When I came into office there were just 400 weeks left before 2030, the date by which this government have said they intend to have delivered a London style transport system outside of the capital; a key part of their agenda to deliver so called levelling-up.

And yet today, 16 weeks later, I haven’t even received the courtesy of a response from Boris Johnson, while our public transport system - governed by legislation set in London – continues to collapse under the contradictions of a privatised public service.

Rather than a sensible, grown-up conversation about the needs of our community, we are forced into competing with other, equally deserving parts of our country for pots of money that are too small to begin with. You can’t level-up through competition.

The contrast between the government’s levelling-up rhetoric and the reality across our communities is stark. I worry that the government seem intent on doing little more than gaslighting those of us who live in the north.

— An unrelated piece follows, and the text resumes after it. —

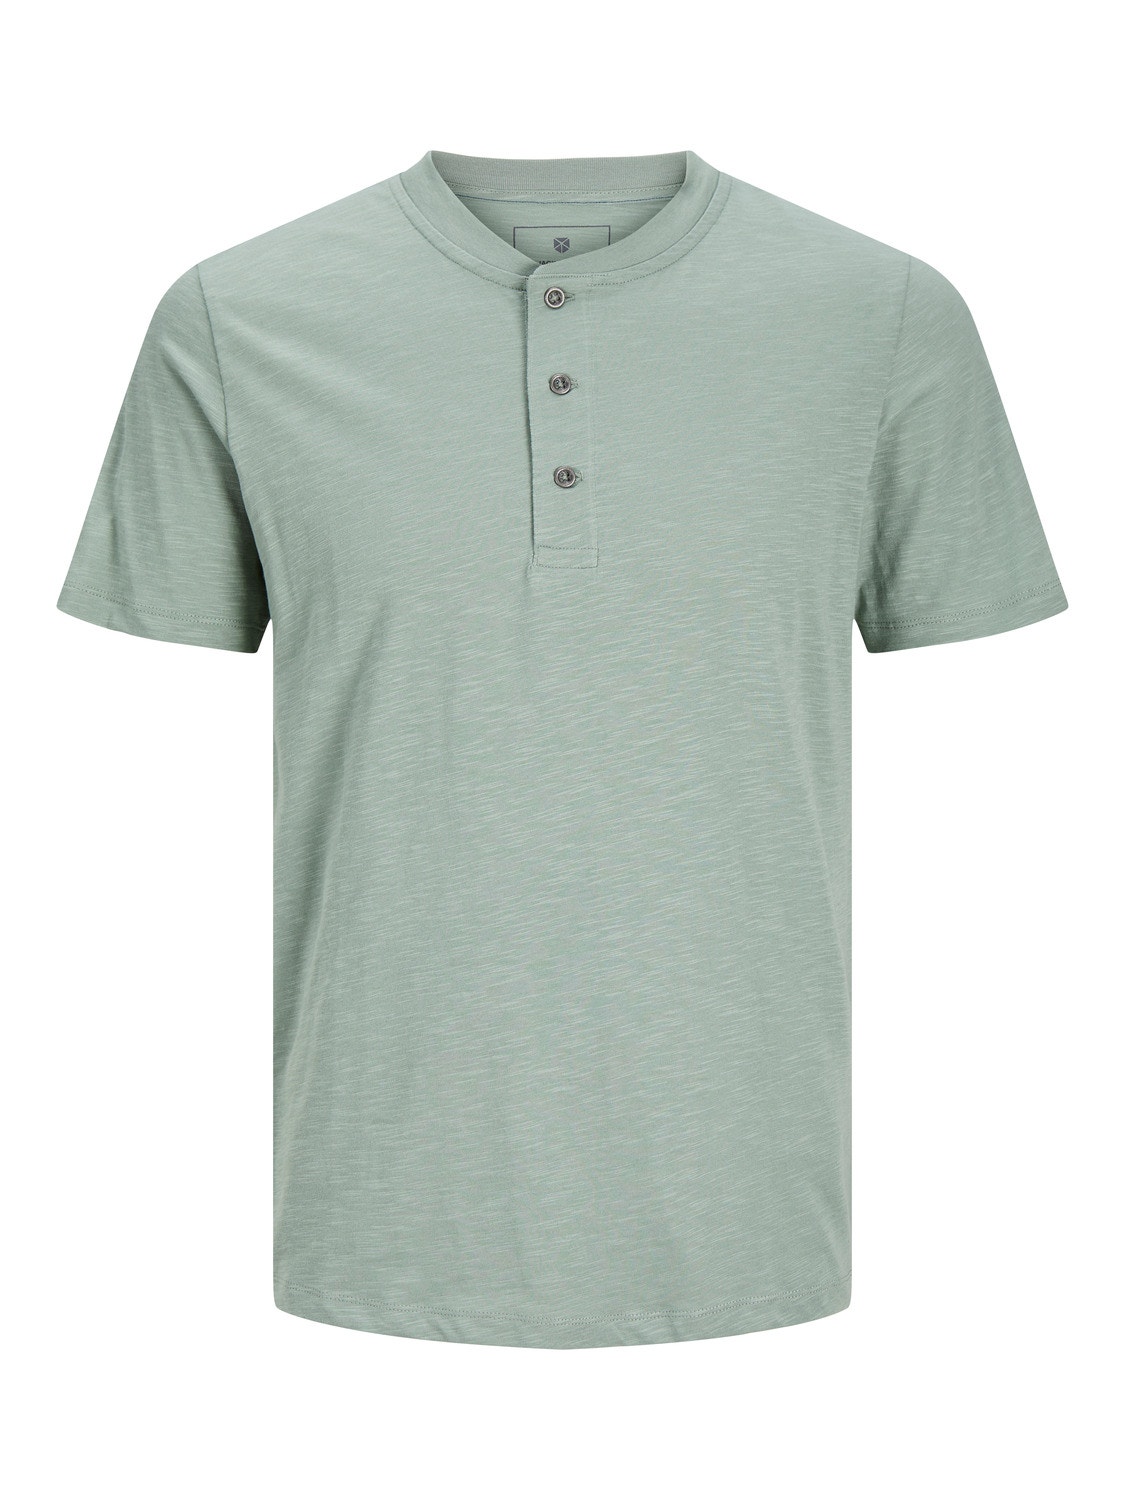 Jack & Jones Plain China Collar T-shirt -Lily Pad - 12257965

Since becoming Mayor I have sought conversations with government on our trains, our buses, and on support for delivering investment deals that would offer us the chance to radically change our future. But with scant and notable exceptions, I am yet to find a willing partner in government.

On recent evidence the chances of us finding the next Prime Minister to be a more engaged or ambitious partner appear slim. Between them, Rishi Sunak and Liz Truss seem devoid of any ambition for communities like ours; they offer us little hope and fewer ideas for making life better here in South Yorkshire, or addressing the urgent needs of what Rishi has disparagingly called our ‘deprived, urban’ communities.

But that is the real tragedy of levelling-up. To speak directly to Liz Truss - no one in South Yorkshire simply wants a hand-out from government. While we need someone who understands and responds to the challenges of our region, we want nothing less than the chance to stand on our own two feet – to play a full and equal part in the future of a country that offers opportunity to all of our communities.

When I speak to you next May, after not 100 days but one year, our region and our country will be in a very different place. We will have a new prime minister. The economic headwinds we are now facing may have been a temporary storm or the start of a fundamental change in the weather.

Levelling-up may prove to be a renewed political ambition, or driven further down the agenda by a government unwilling or unable to challenge its own political impulses.

Those things will matter. We are more exposed than most to the downsides of the UK’s current economic model, and the success of our region relies more than I would like on choices made in London.

But what will also matter will be our ability to work together as a region, to be brave and to make hard choices; our willingness to listen to our communities and to respond to their needs with all the tools and resources at our disposal. Our capacity to have bigger and better ideas, to innovate and to invest in the long-term interests of our region.

I was in New York a few weeks ago, as part of the City Leadership Initiative run by Harvard University and philanthropist and former Presidential hopeful Mike Bloomberg. One of the people brought in to talk to us was Barack Obama’s former community organiser, Marshall Ganz.

He’s now a Professor at the Kennedy School of Government, but he learned his trade as an activist during the civil rights struggle of the 60s, in the Deep South of the United States.

After his talk I asked him about the state of the world at the moment, and what lessons there were to learn from his experience about how we face the future. He said to me ‘You have to hope. And turn that hope into action. What other choice is there?’

After 100 days I know this job is not easy. I know we have challenges ahead of us, and all too many people are scared about what’s happening to wages, to energy bills, to the economy and to the climate.

And so I will continue to work tirelessly to make South Yorkshire the place I know it once was and can be again; a place of innovation, community, wealth and progress.

But if we’re going to overcome those challenges in front of us I’m going to need your help. Because if we work together as a community – if we continue to hope, and to turn that hope into action – I know we can restore the pride, the purpose and the prosperity of South Yorkshire.